Summary and Conclusions (cont.) Shifting the ECP to a sufficiently negative value reduces the coupling current and hence the IGSCC growth rate to the extent that it becomes negligible, signifying the critical potential. The coupling current and IGSCC growth rate may be reduced by decreasing the charge transfer impedance at the external surface provided that the molar ratio of H 2 to O 2 is greater than 2 (as achieved in hydrogen water chemistry), by increasing the charge transfer impedance at the external surface regardless of the molar ratio of H 2 to O 2, or by increasing the resistivity of the external environment (lowering the conductivity). These strategies are a direct manifestation of the fact that stress corrosion cracking falls within the framework of the differential aeration hypothesis, which requires strong coupling between the crack internal and external environments via the coupling current.

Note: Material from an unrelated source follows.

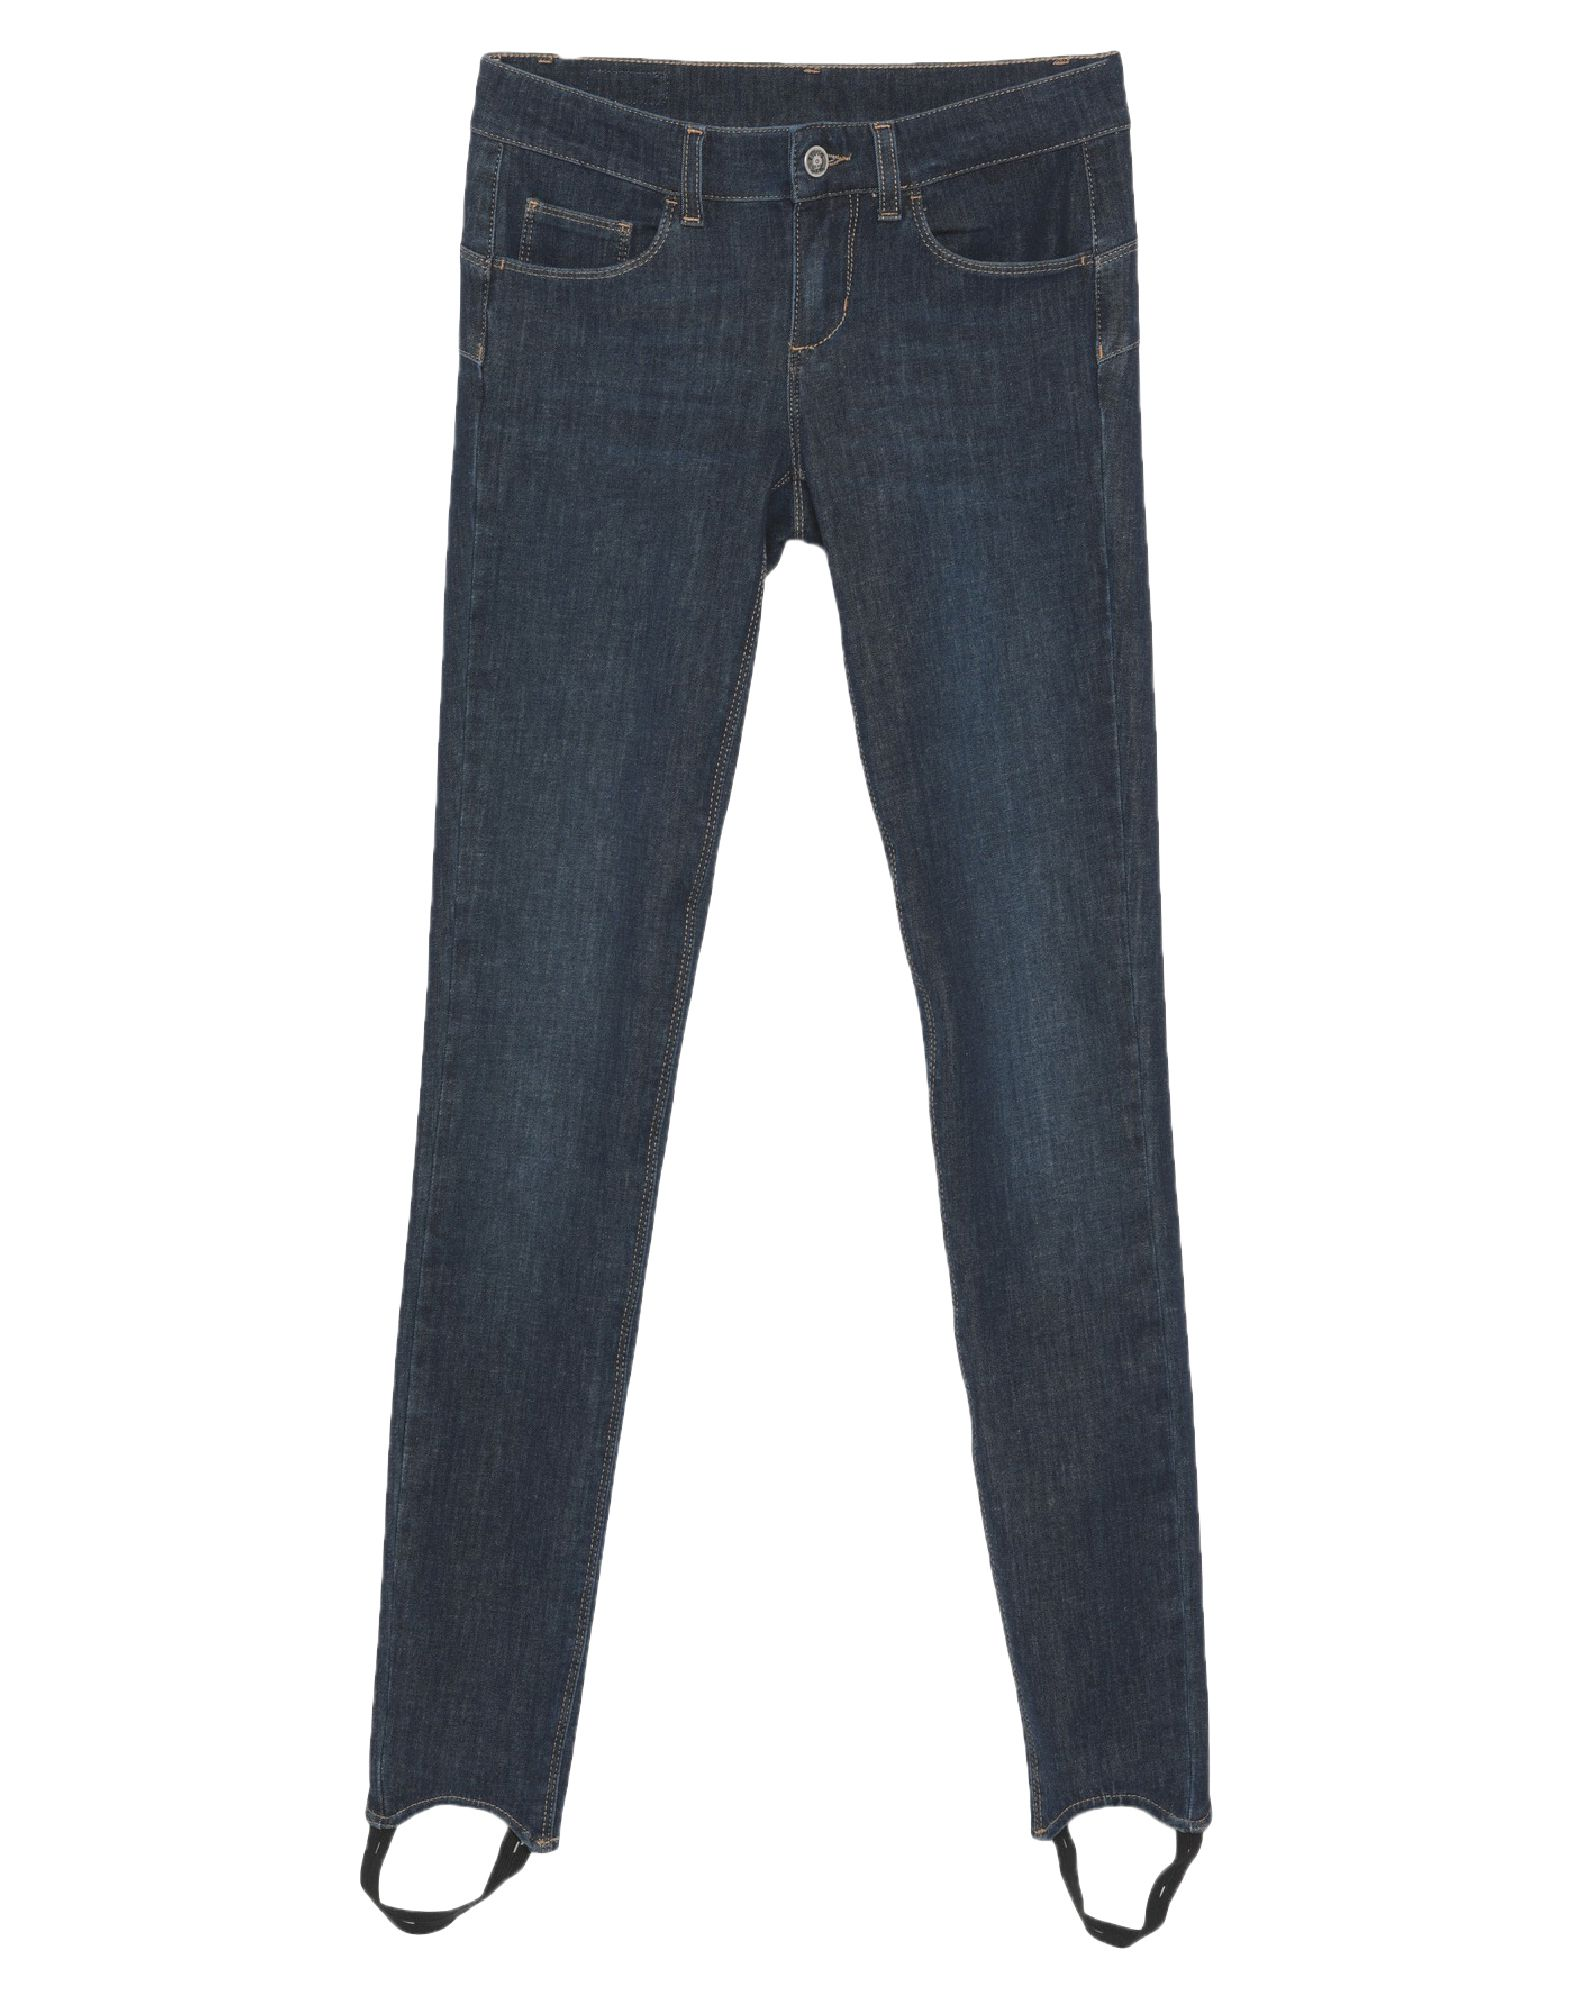 LIU JO Denim pants - Item 42807003

Summary and Conclusions (cont.) The CEFM has been combined with the radiolysis model, RADIOCHEM, and with the Mixed Potential Model, MPM, to produce powerful BWR simulation codes, DAMAGE- PREDICTOR, ALERT, and REMAIN. These codes predict coolant chemistry, ECP, and state point crack growth rate for any location in the coolant circuit and, in the case of ALERT and REMAIN, also predict accumulated damage along the Corrosion Evolutionary Path (CEP). Comparison of the predictions with plant data from the Leibstadt BWR (Switzerland) and from a BWR in Taiwan reveals excellent agreement. An even more advanced BWR code is under development, We have developed a somewhat similar code for predicting the electrochemistry of Pressurized Water Reactor (PWR) primary coolant circuits.

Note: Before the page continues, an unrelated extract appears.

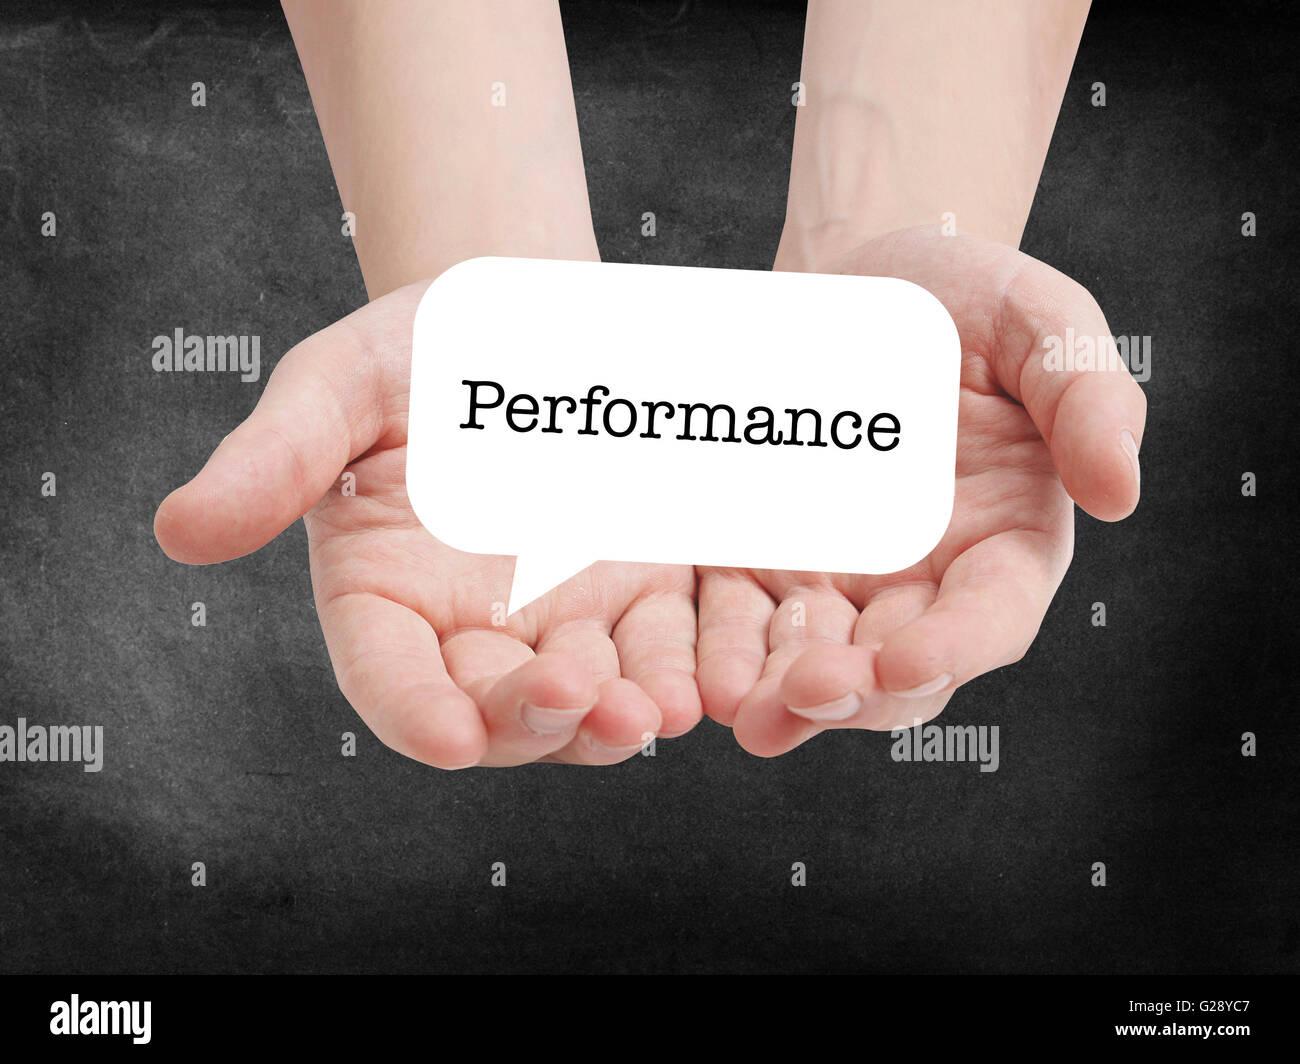 Performance written on a speechbubble - Stock Image

ACKNOWLEDGEMTS The author gratefully acknowledges the contributions made to this work by the following: Professor Mirna Urquidi-Macdonald, Pennsylvania State University. Dr. George R. Engelhardt, OLI Systems Inc and Adjunct Professor, Pennsylvania State University. Dr. T.-K. Yeh, National Tsing-Hua University, Taiwan, former student. Dr. Iouri Balachov, SRI International, Menlo Park, CA. Amit Jian, former MS student at Penn State. HanSang Kim, Penn State, current Ph.D. student. Department of Energy and SRI International for financial support.